(RAW DATA)

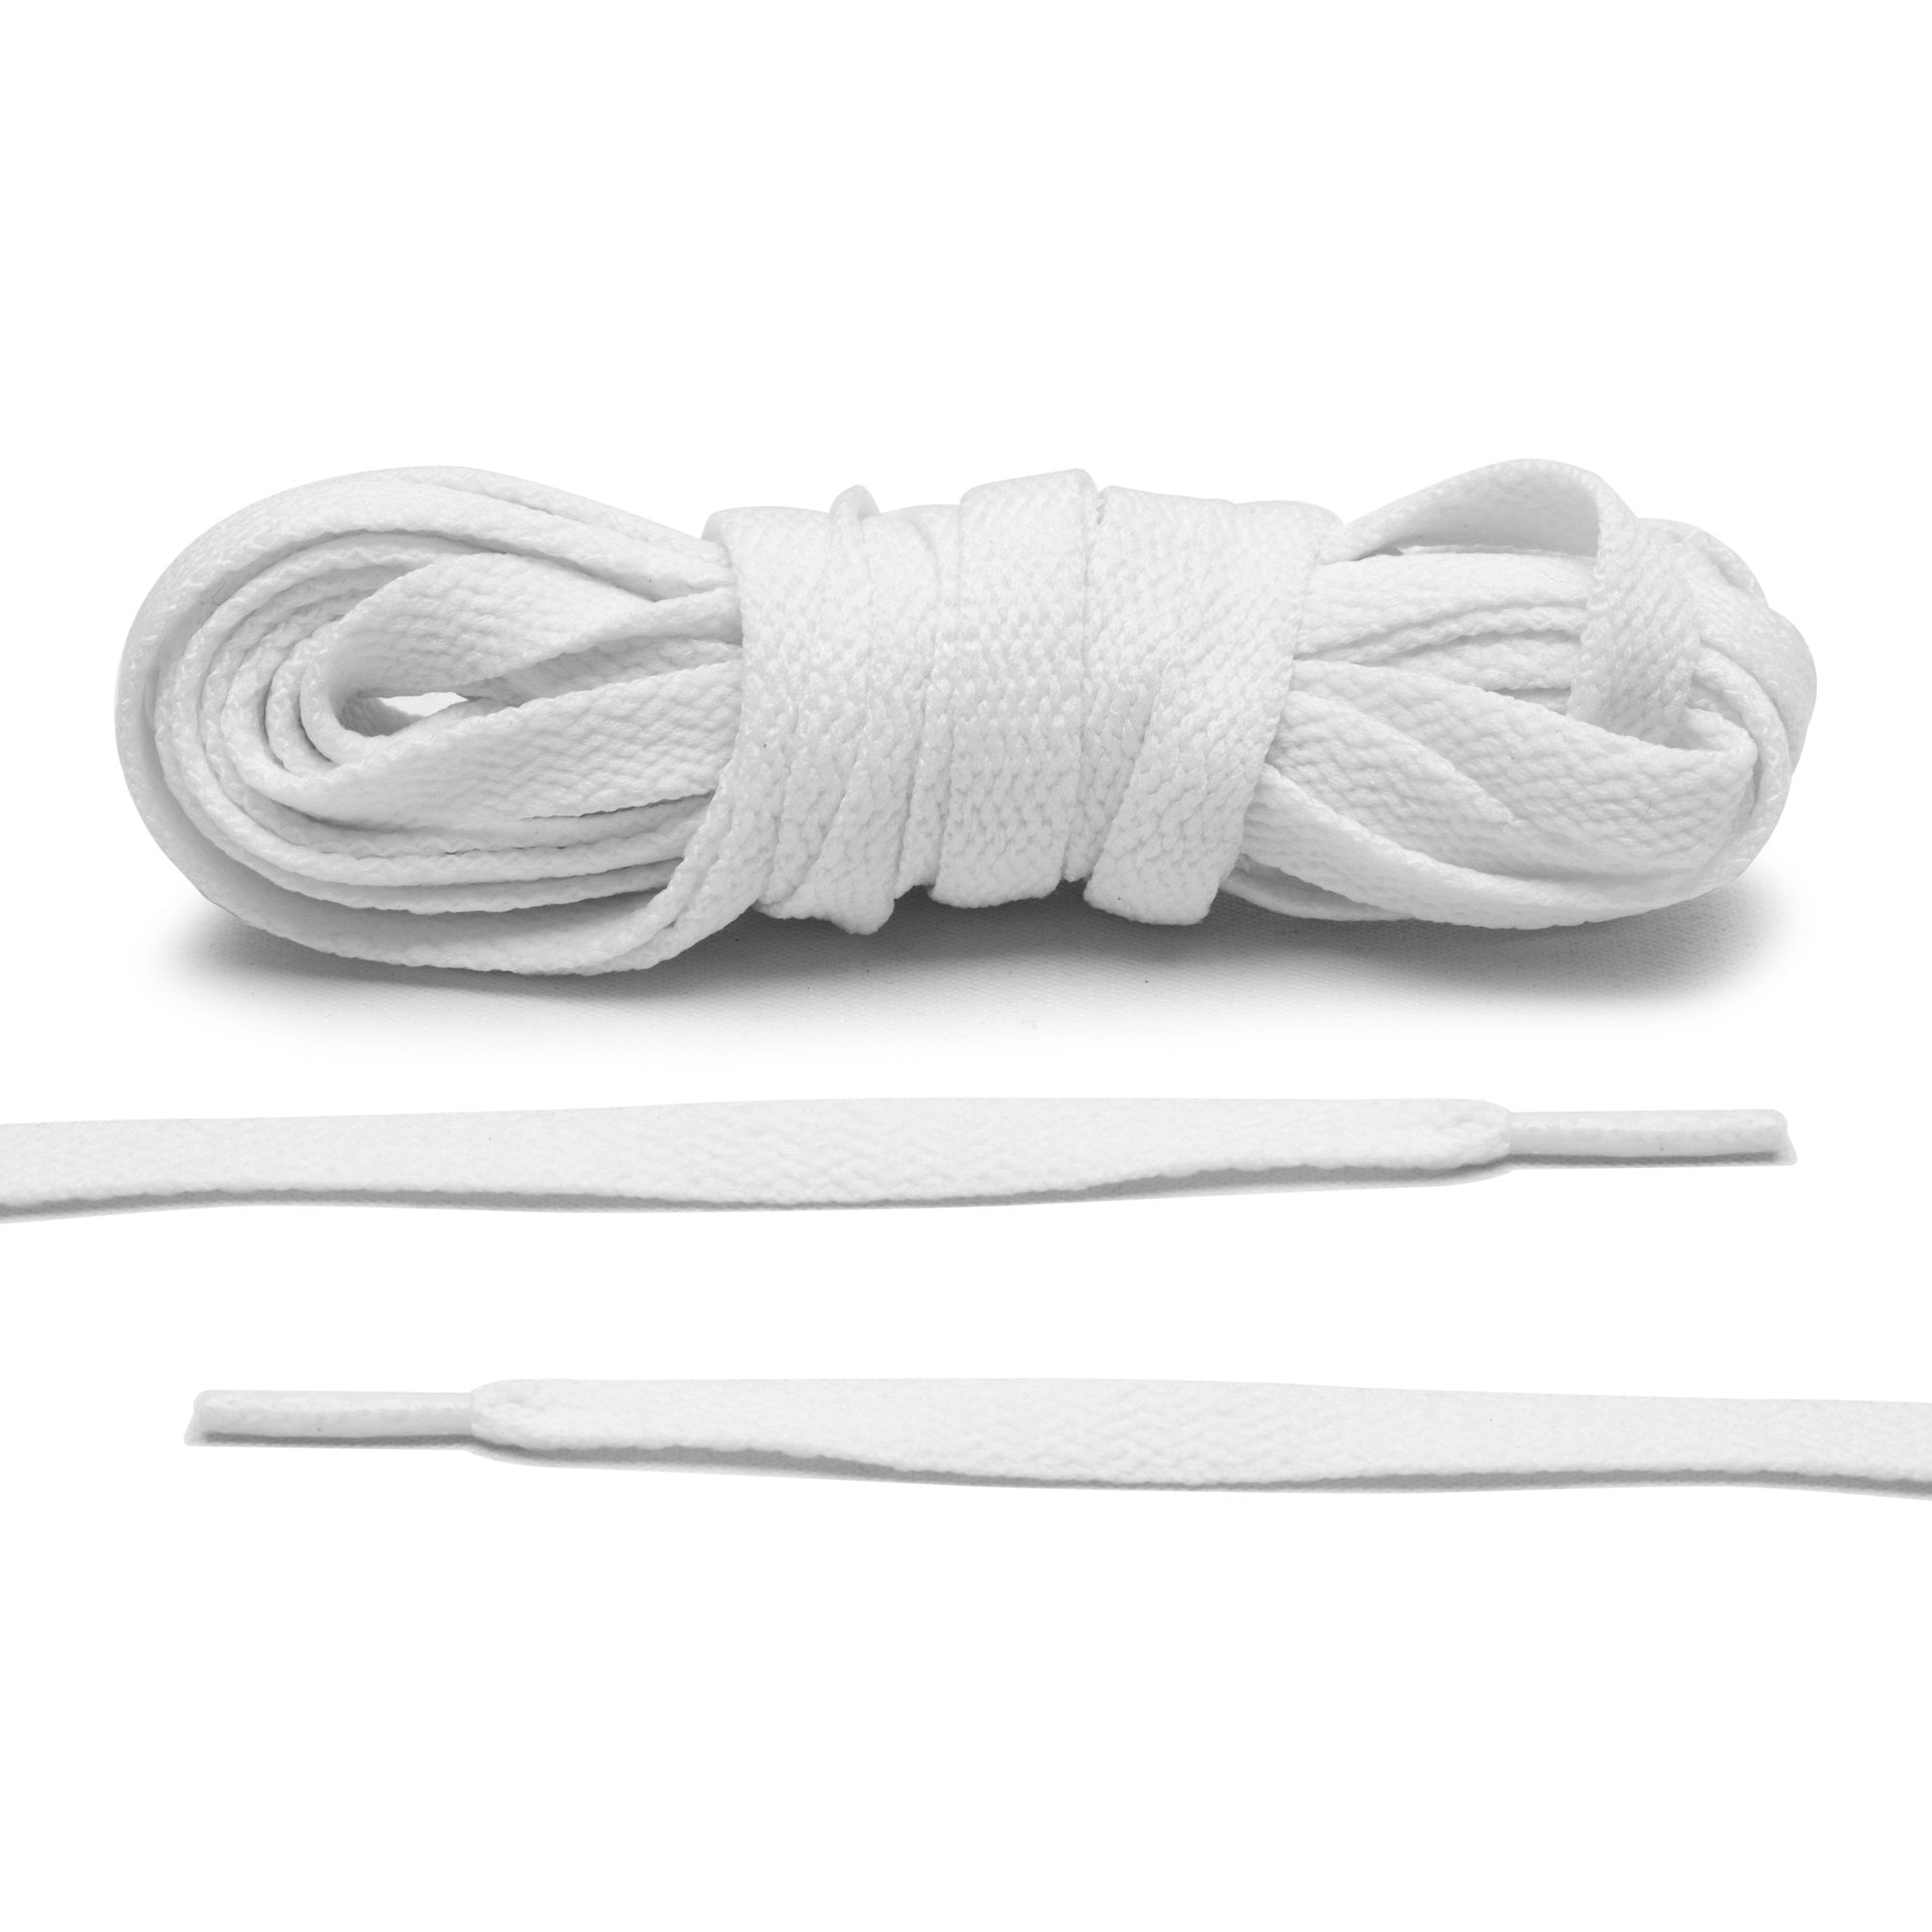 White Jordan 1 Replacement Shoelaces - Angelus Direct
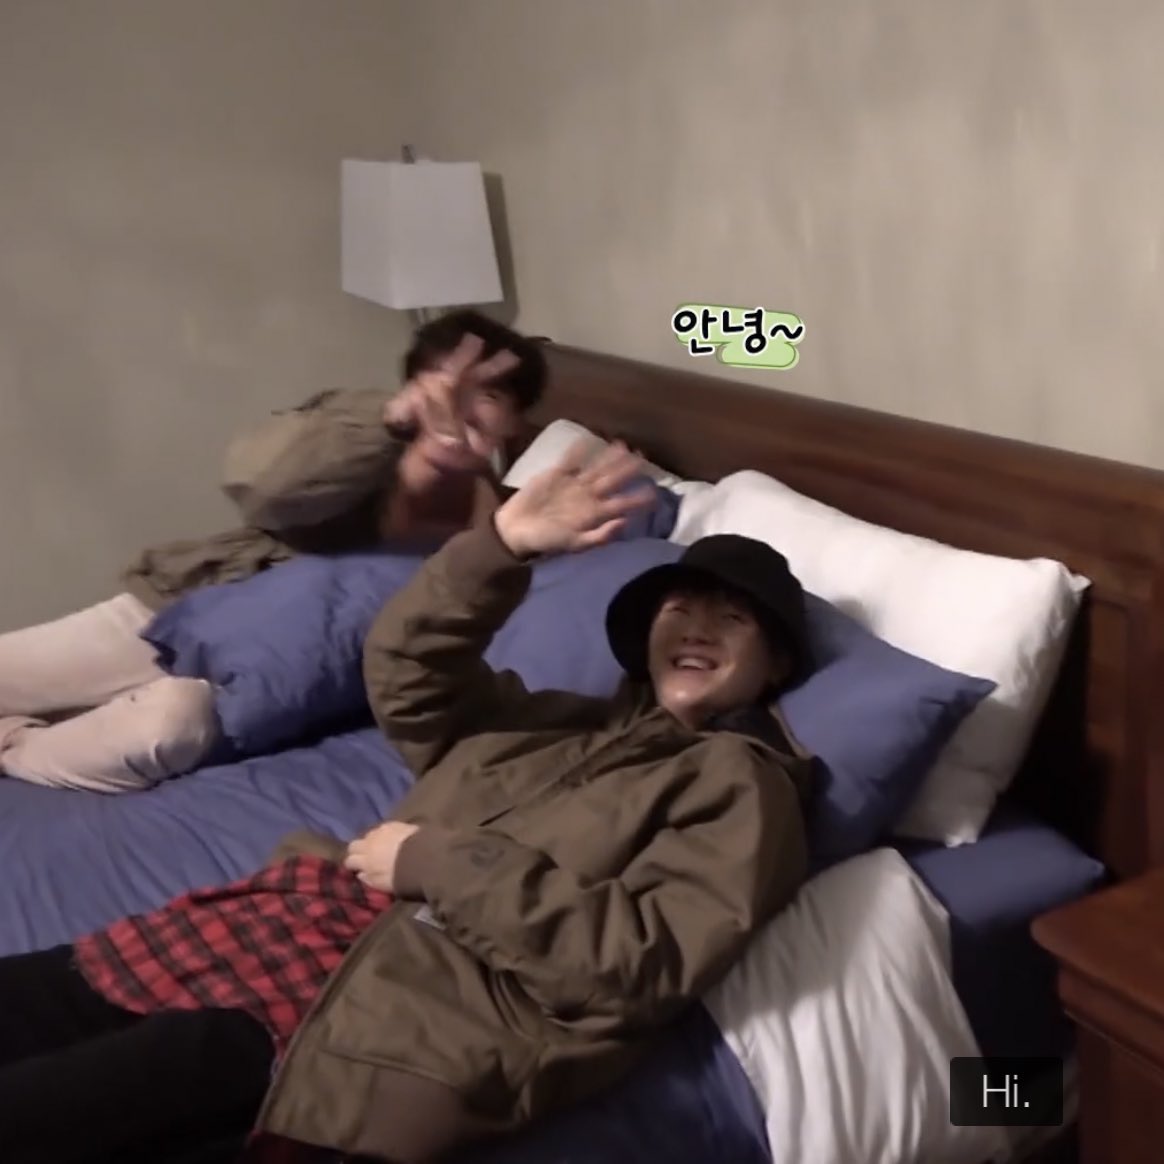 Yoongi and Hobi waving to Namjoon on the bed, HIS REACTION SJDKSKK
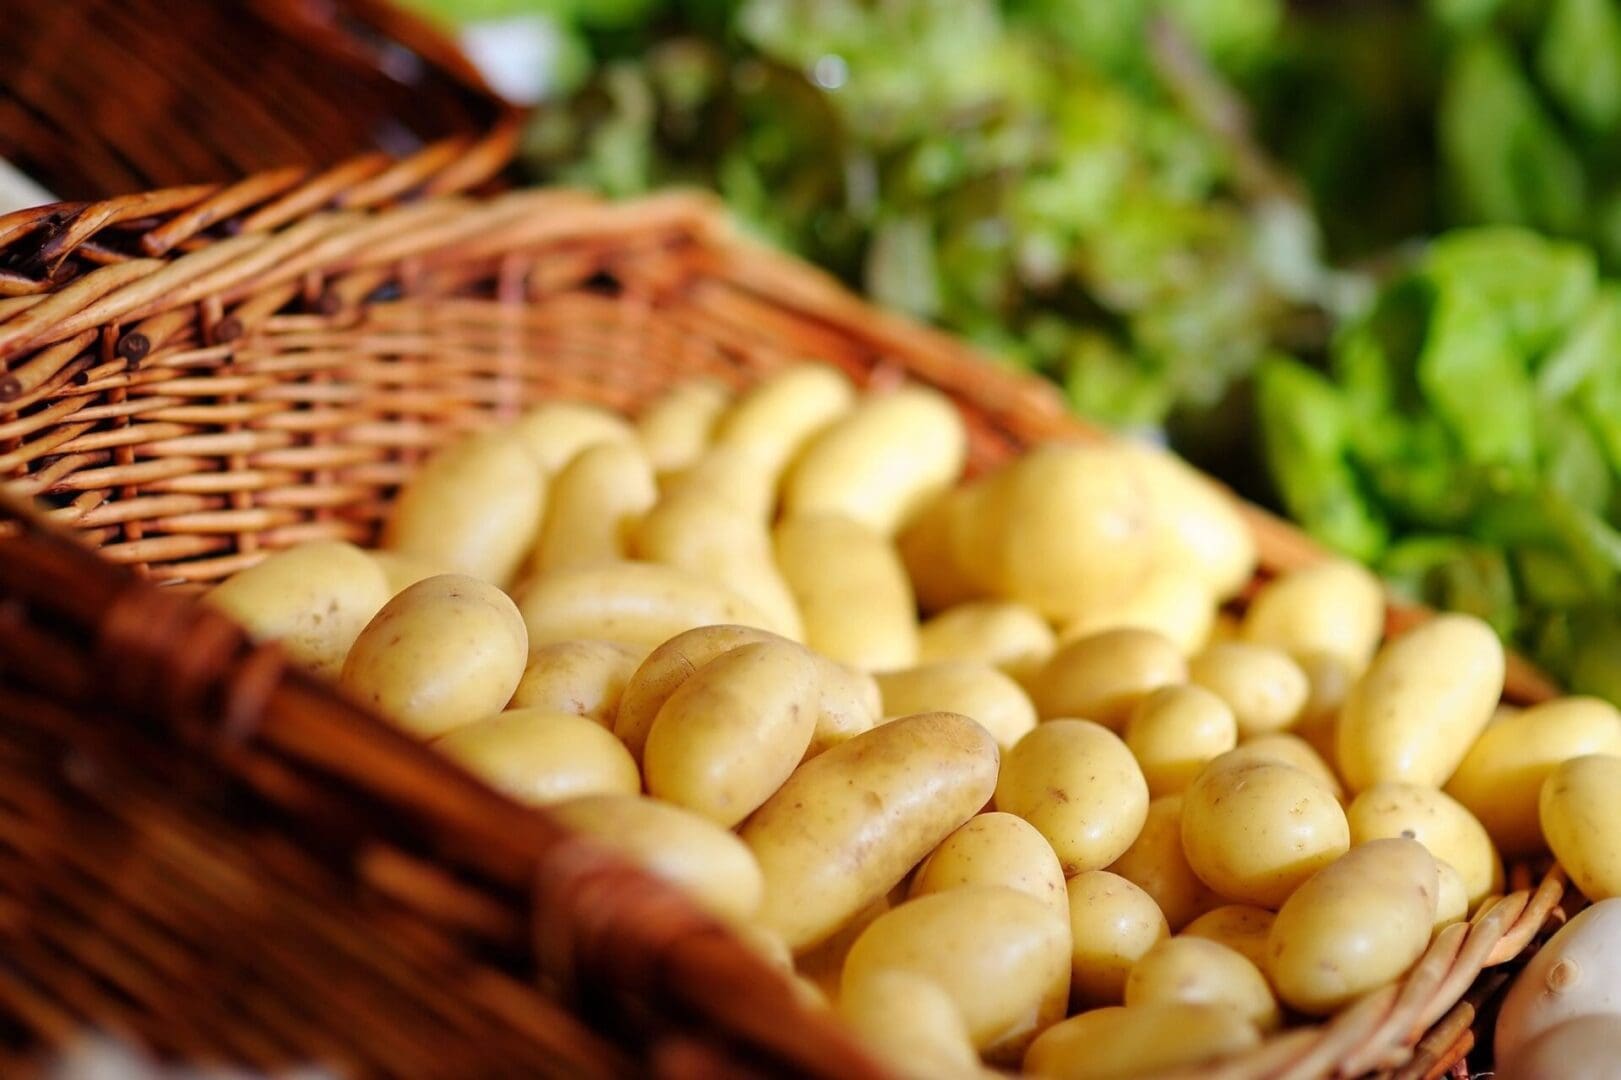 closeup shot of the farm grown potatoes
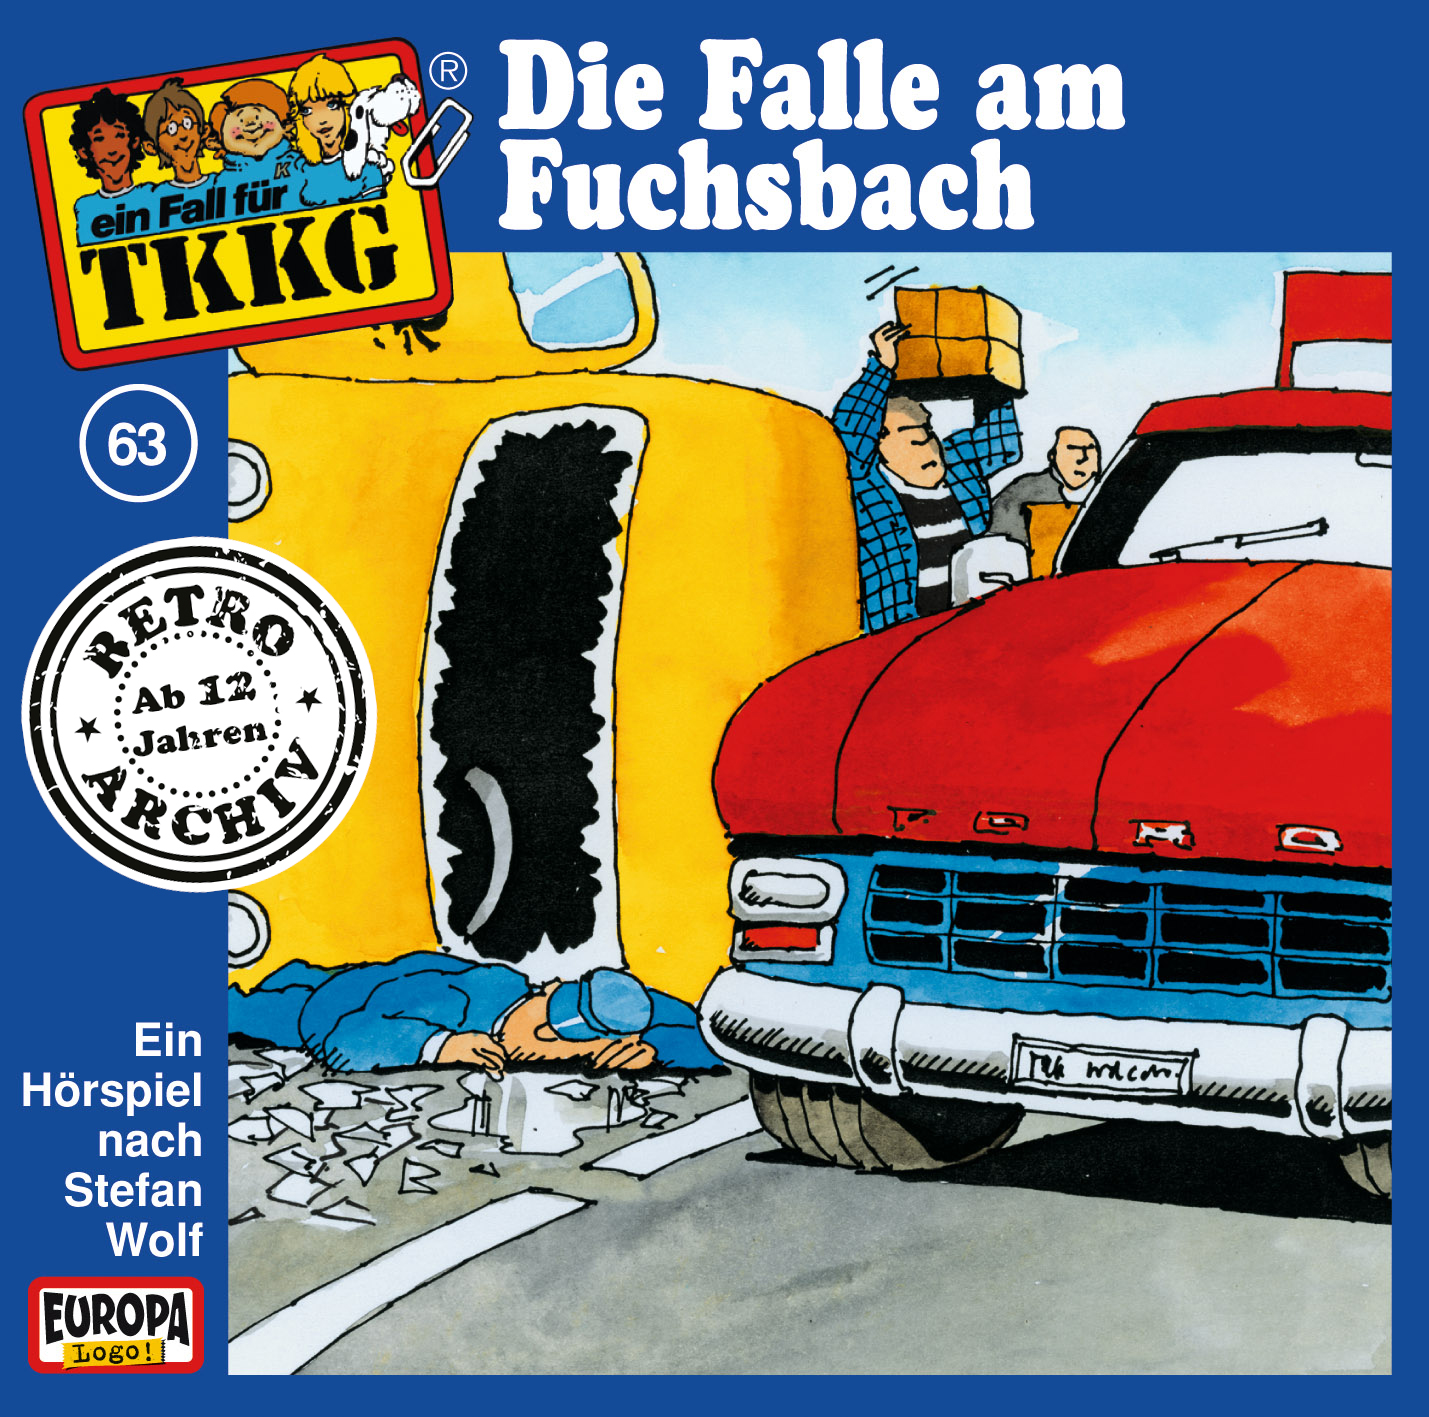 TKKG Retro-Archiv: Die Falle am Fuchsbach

(End RAW DATA)

§ WHAT THE TASK REQUIRES
A faithful, word-for-word copy of the data is needed; the pictures should not appear in it.

§ RESPONSE
 White Jordan 1 Replacement Shoelaces - Angelus Direct
 Yoongi and Hobi waving to Namjoon on the bed, HIS REACTION SJDKSKK
 closeup shot of the farm grown potatoes
 TKKG Retro-Archiv: Die Falle am Fuchsbach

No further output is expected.